Would you recommend CPA or Tax Attorney?
Friday, September 25th, 2009 at
4:55 pm
Would you suggest buy amoxicillin becoming a CPA or a Tax Attorney? What is the best education to pursue for each career?

Tax attorney requires a lot of education. You will need to get a J.D. and LLM in taxation. I would say CPA is not as difficult, you can get your MST in less time and money. Also, a CPA has more flexibility for career choices. If you don’t like tax, you can always do audit. If you don’t like public accounting, you can work for industry.
CPA
CPA is a whole lot cheaper and you would have similar earning potential. Start off with a BS in Accounting, get a masters degree, then go and take the CPA exam.
Depends on what you want to do, they’re are both equally difficult to achieve.
However the differences are in their specialties, a CPA can perform a multitude of accounting duties, preparing taxes is only a small portion of their jobs.
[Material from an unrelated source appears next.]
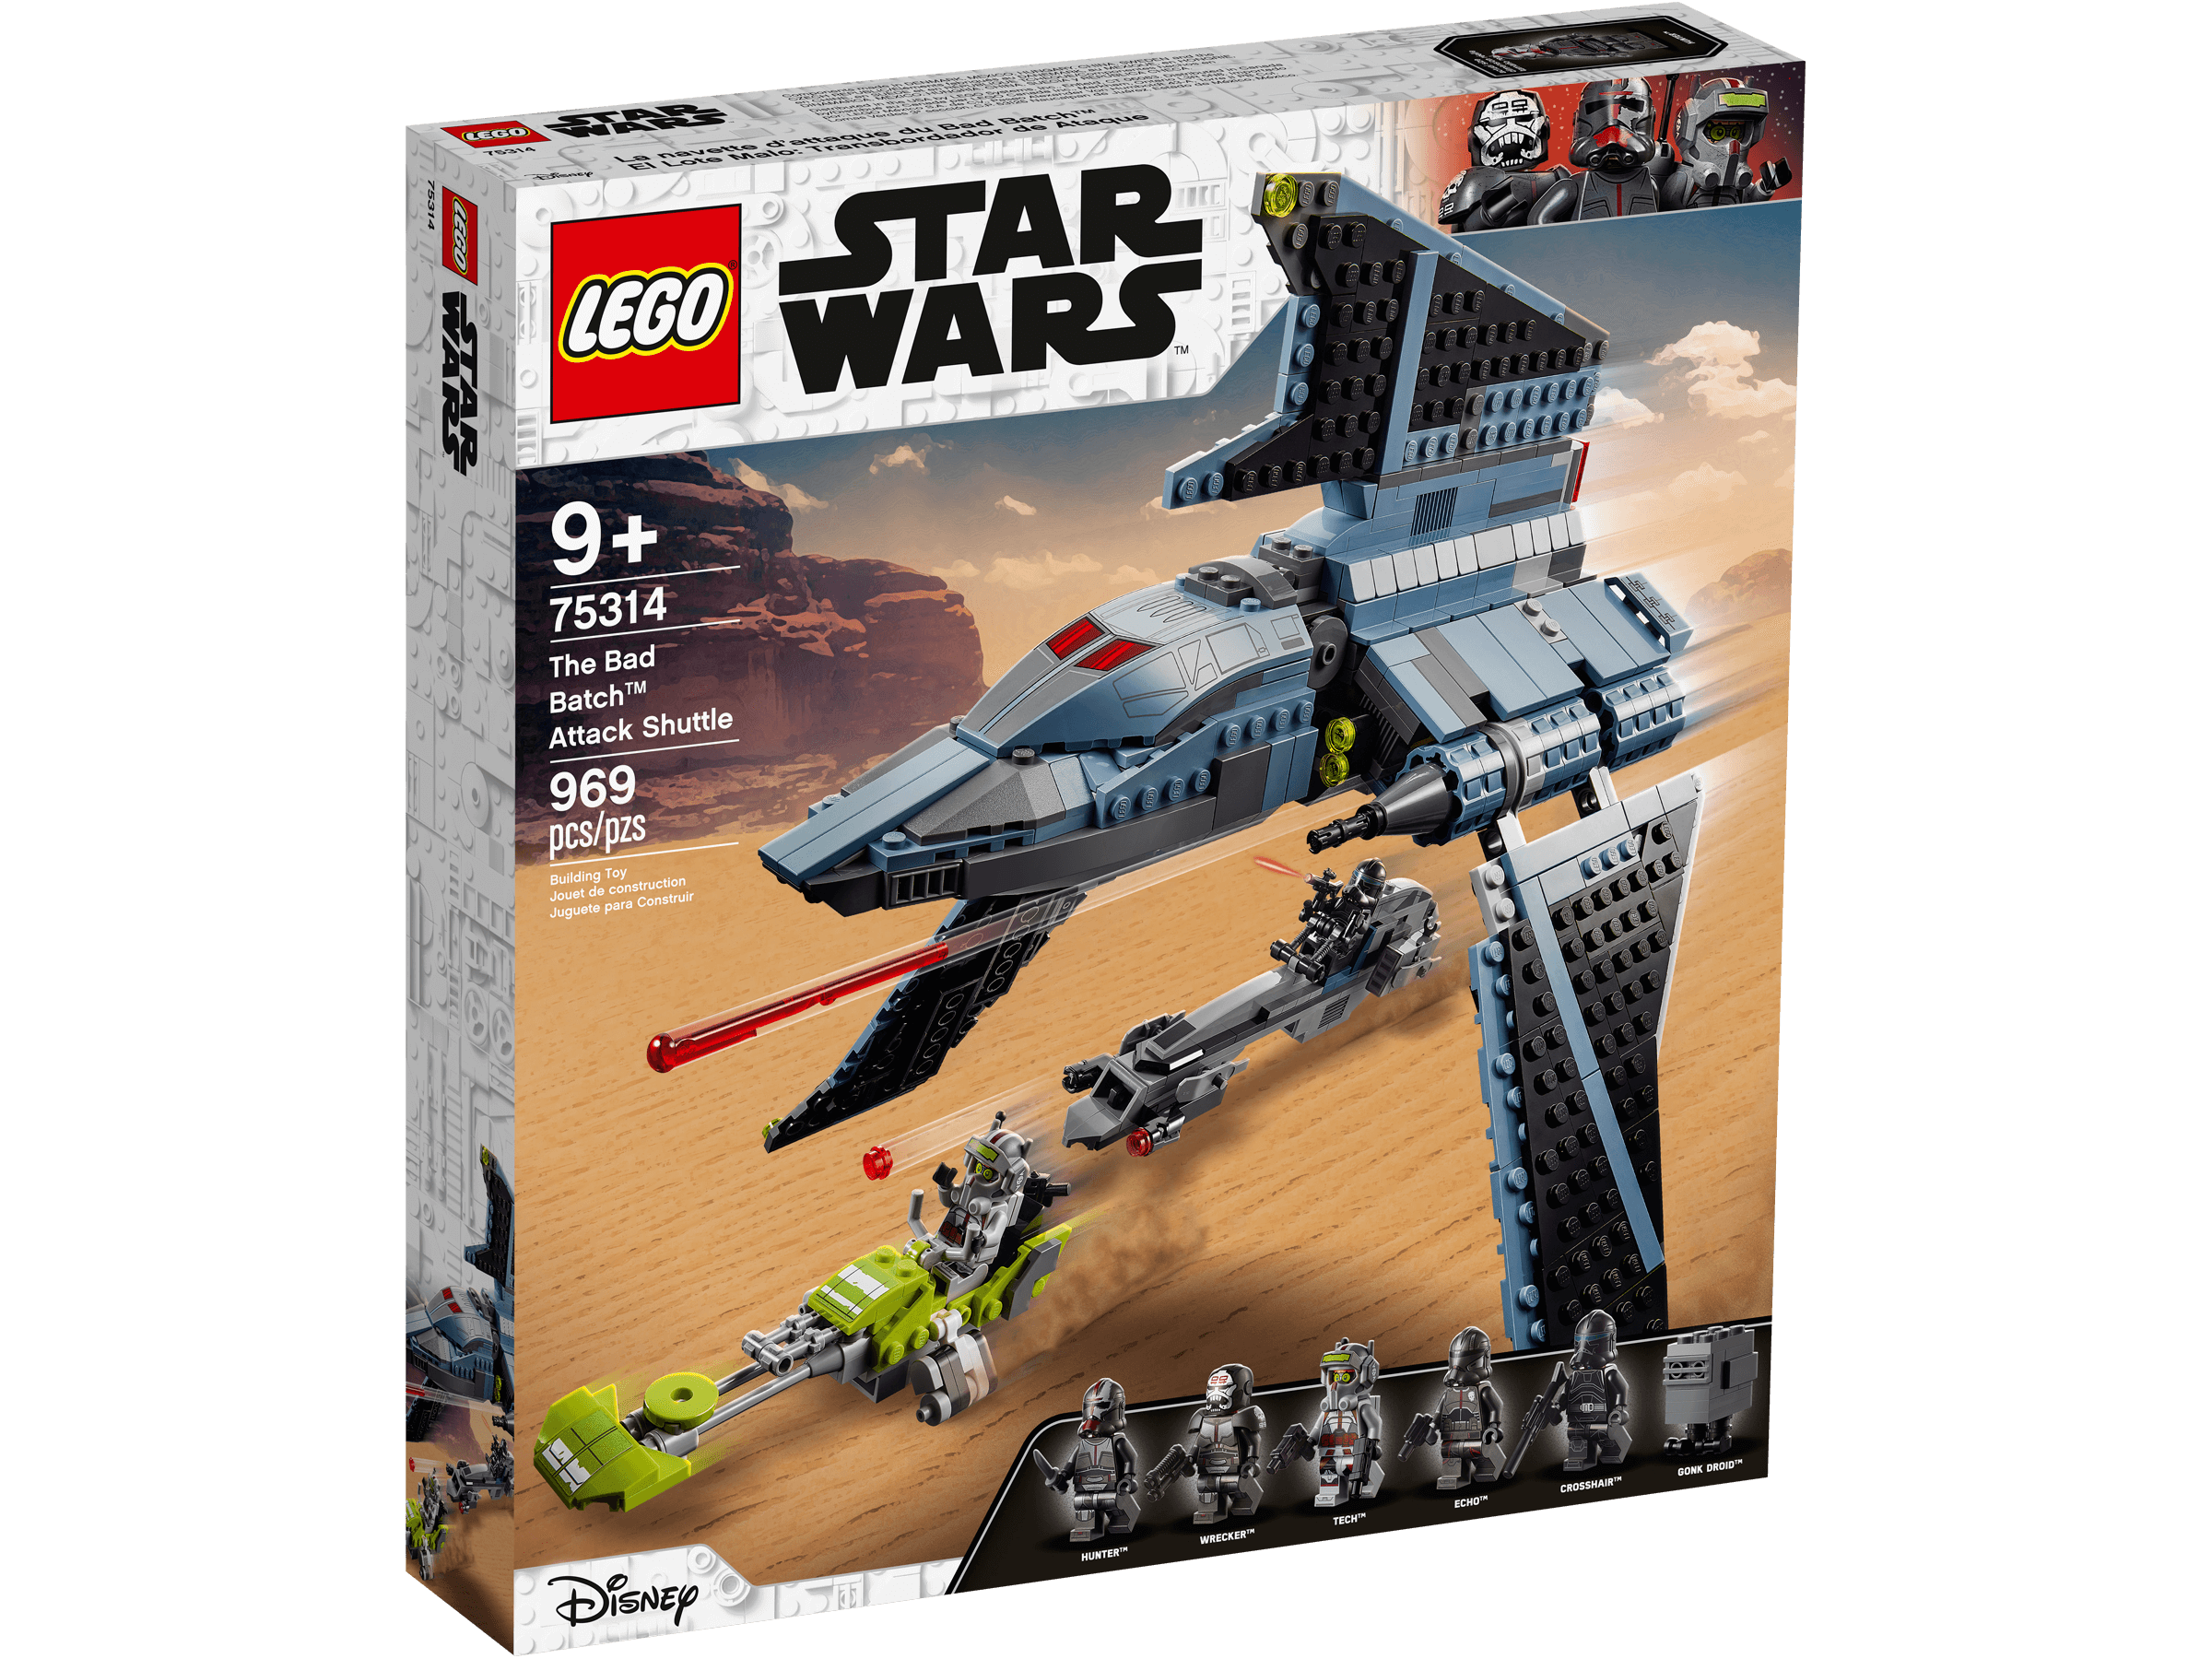 LEGO Star Wars Angriffsshuttle aus The Bad Batch (75314) - im GOLDSTIEN.SHOP verfügbar mit Gratisversand ab Schweizer Lager! (5702016914436)
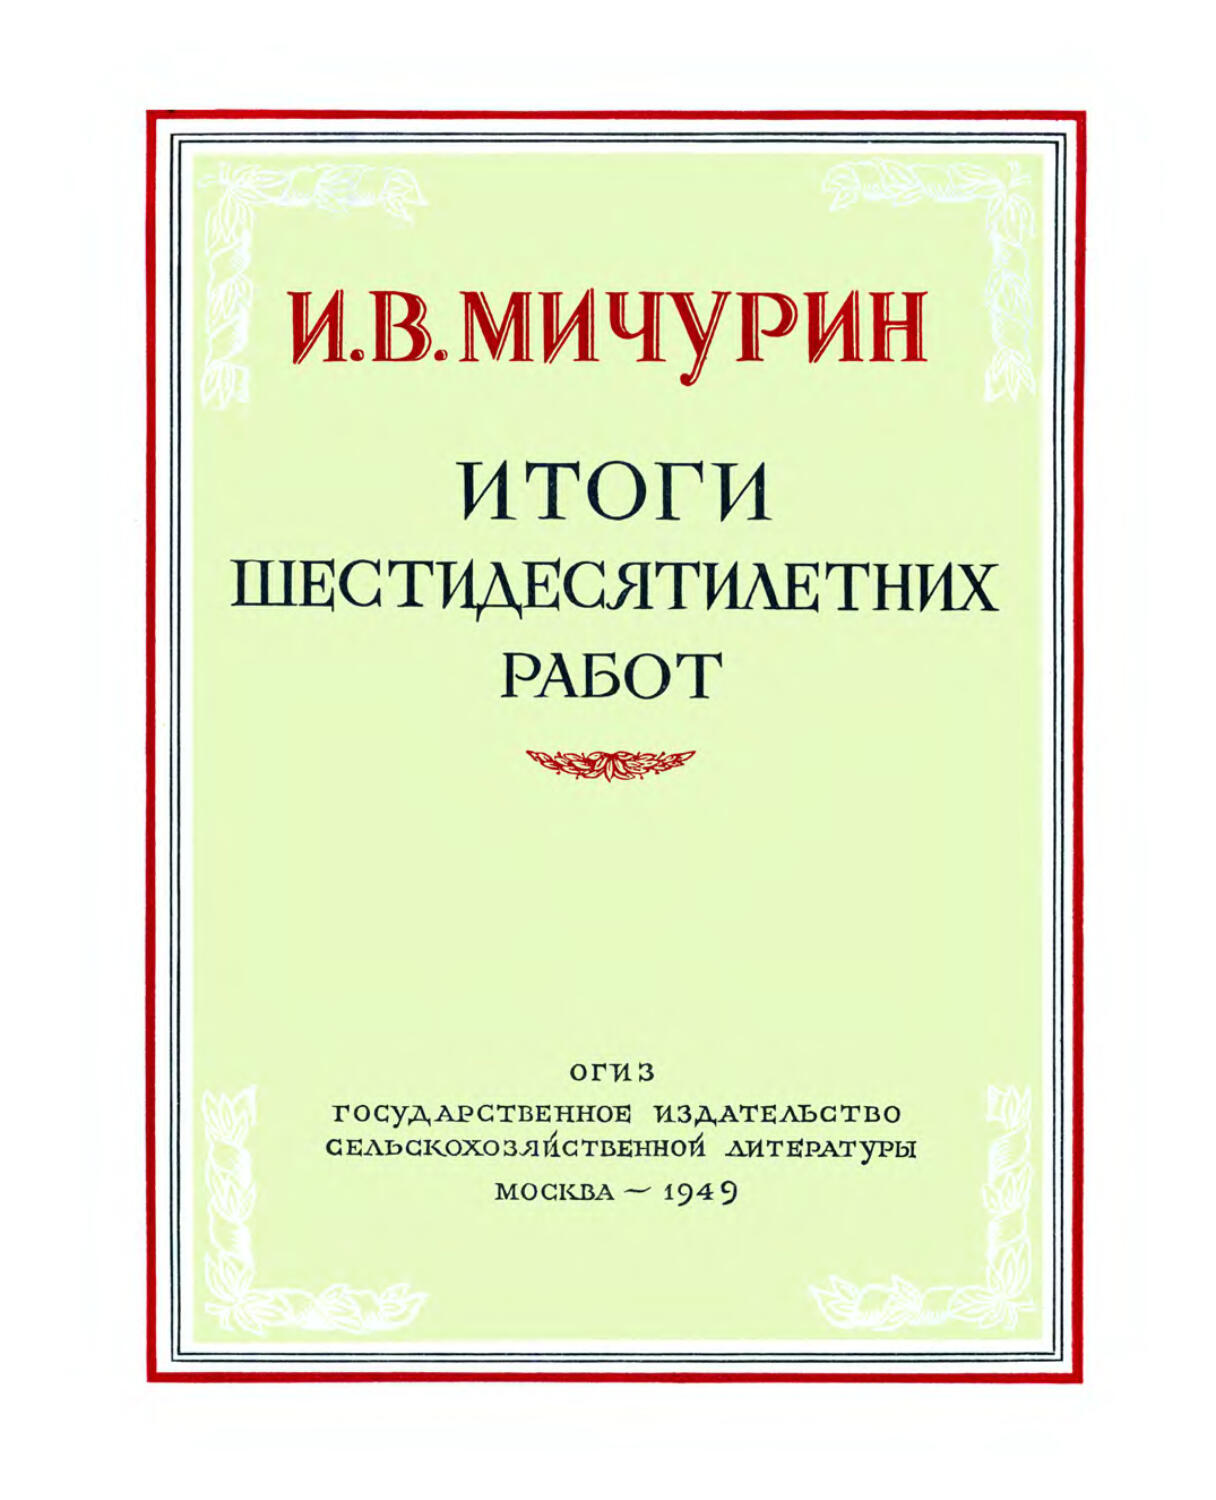 5-е изд; 1949 г.

On the flip side, a Tax Attorney deals almost solely with tax-based issues. Be they estate law, IRS problems, tax questions, etc; a tax attorney must be well versed in the almost constantly changing landscape of taxes.
Both will require graduate school, and both will require passing rigorous exams, I.E. the Bar Exam.
If you’re interested in either i’d site down with a college counselor and explain to them why each field interests you and what you think you’d want to do when you were all done with school.